Net profit surged 29 per cent in the fourth quarter to 369 million Saudi riyals (Dh361.3m). Its shares traded up .75 per cent at 66.75 riyals a share yesterday.

The result exceeded most analyst forecasts. Cairo-based EFG Hermes predicted a 333 million riyals effort, while NCB Capital had pencilled in 329m riyals.

Almarai, which has a 44 per cent share of the Gulf's dairy market, has invested US$3 billion (Dh11.01bn) since 2007 to diversify its product lines to include chicken, juice, baby food and other goods.

Almarai operates a joint venture with PepsiCo, International Dairy & Juice.

The company said full-year net profit increased 26 per cent to 1.44bn riyals.
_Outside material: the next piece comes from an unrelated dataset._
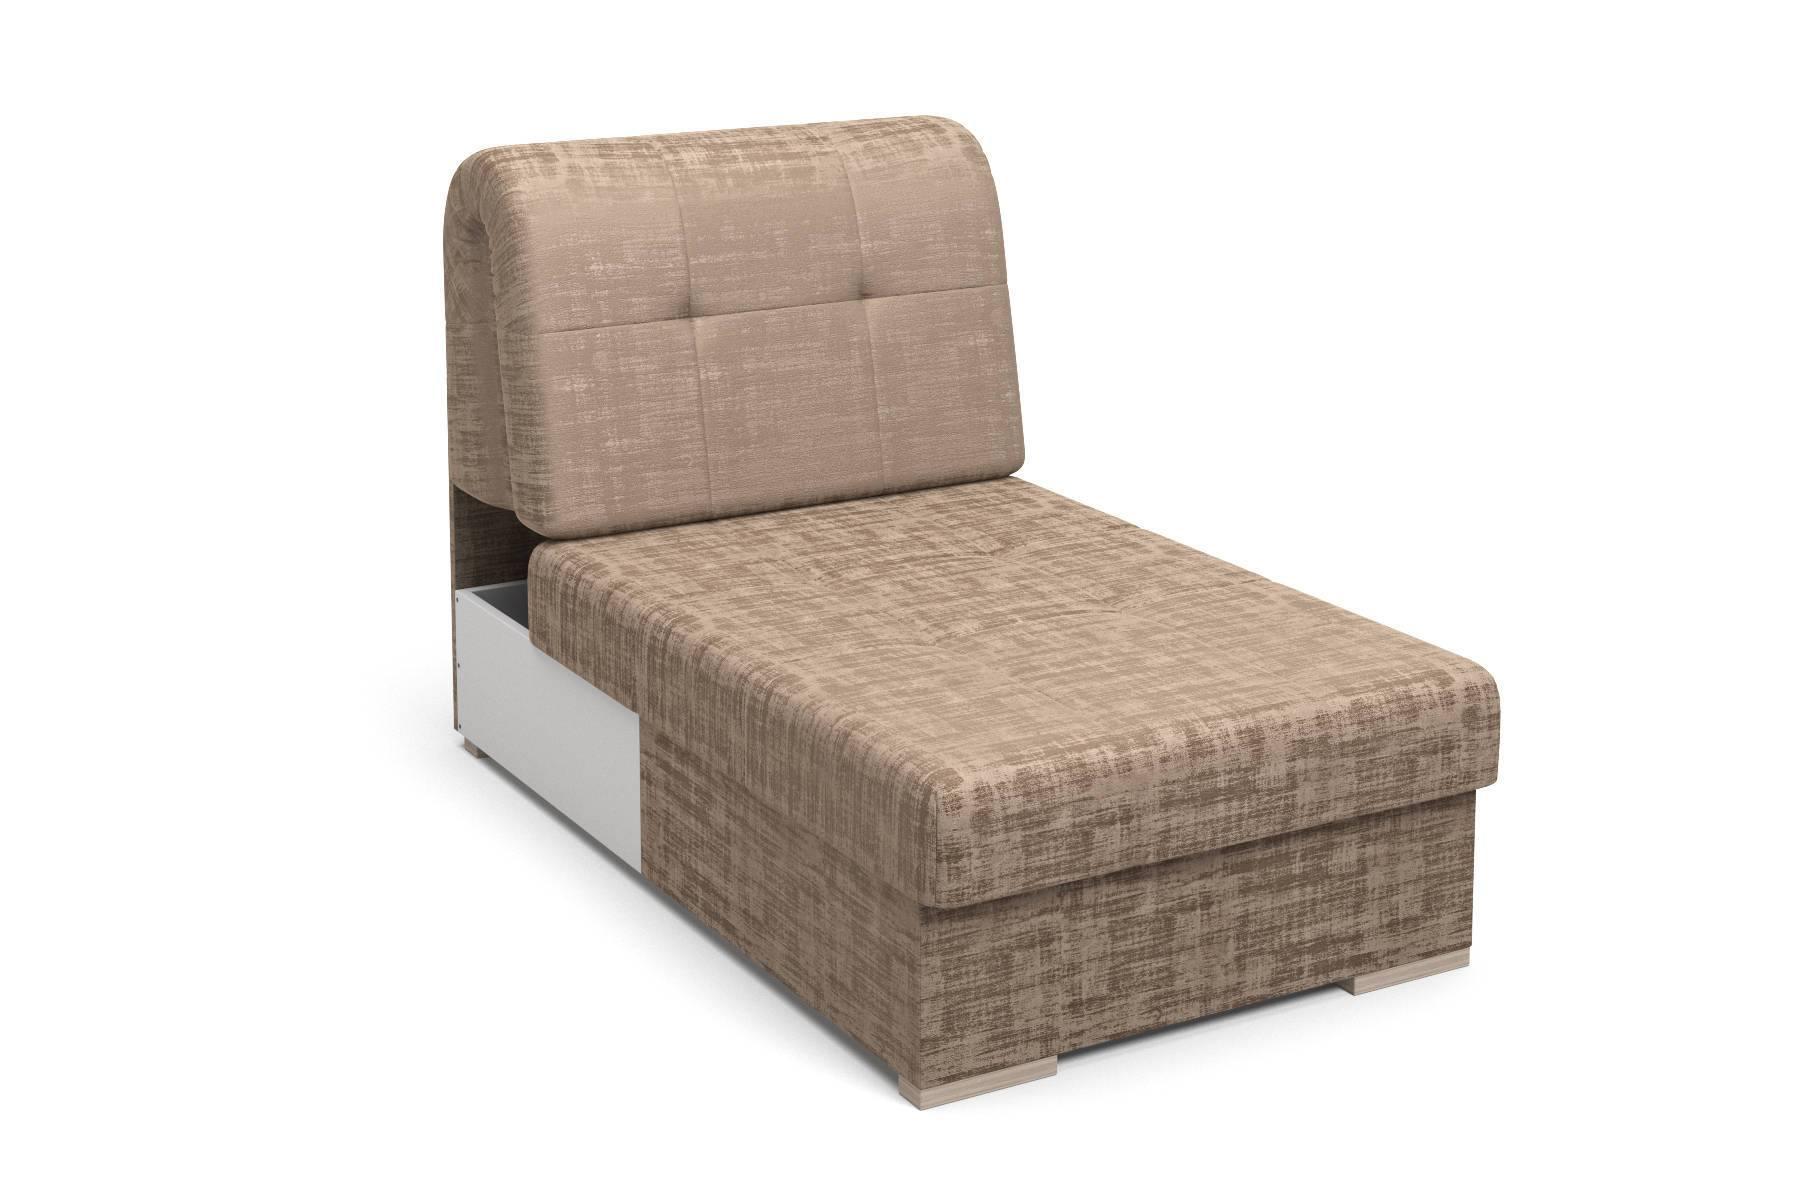 купить Оттоманка для модульного дивана Ибица дешево

Earnings per share climbed to 3.60 riyals last year from 2.85 riyals the year before.

"The profit growth in the quarter was negatively affected by continued level of higher material costs and overhead growth due to expansion in new projects, but it was positively affected by capital gains realised on sale of assets," the company said in a statement.

Almarai's board of directors said it would propose paying 500 million riyals in dividends.

Analysts have a positive outlook for the dairy producer.

"We believe Almarai has a solid long-term growth outlook, with poultry and bakery expected to play an increasingly important role," Bloomberg reported NCB Capital as saying. "We believe margins have bottomed out, and thus continued evidence of this will act as a key catalyst for the stock price."

The revenue of the company, based in Riyadh and founded in 1977, has almost tripled in the past five years to 7.95bn riyals as demand for its products - milk, cheese, processed chicken, baked goods and juices - has surged with the nation's population.

As of January 16, its shares were up 125 per cent since its 2005 initial public offering. Prince Sultan bin Mohammed bin Saud Al Kabeer is Almarai's founder and largest individual shareholder. He has a 28.6 per cent stake in the operation.

"Almarai offers an appealing risk-reward balance to play the region's demographic and income growth," JPMorgan analysts said this month.

The company's shares trade at a 14 per cent discount to global peers, based on this year's earnings, they said. The company trades at 16 times estimated 2013 earnings, compared with 22 times for BRF-Brasil Foods, the world's largest poultry exporter, data compiled by Bloomberg show. Four analysts have a buy recommend on Almarai, while 12 say hold and two advise to sell, according to Bloomberg last week.

Last week, its Saudi food peer Savola Group posted a 17 per cent drop in fourth-quarter net profit year on year mainly on a capital gain of 153m riyals it incurred from the sale of two land plots during the fourth quarter of 2011.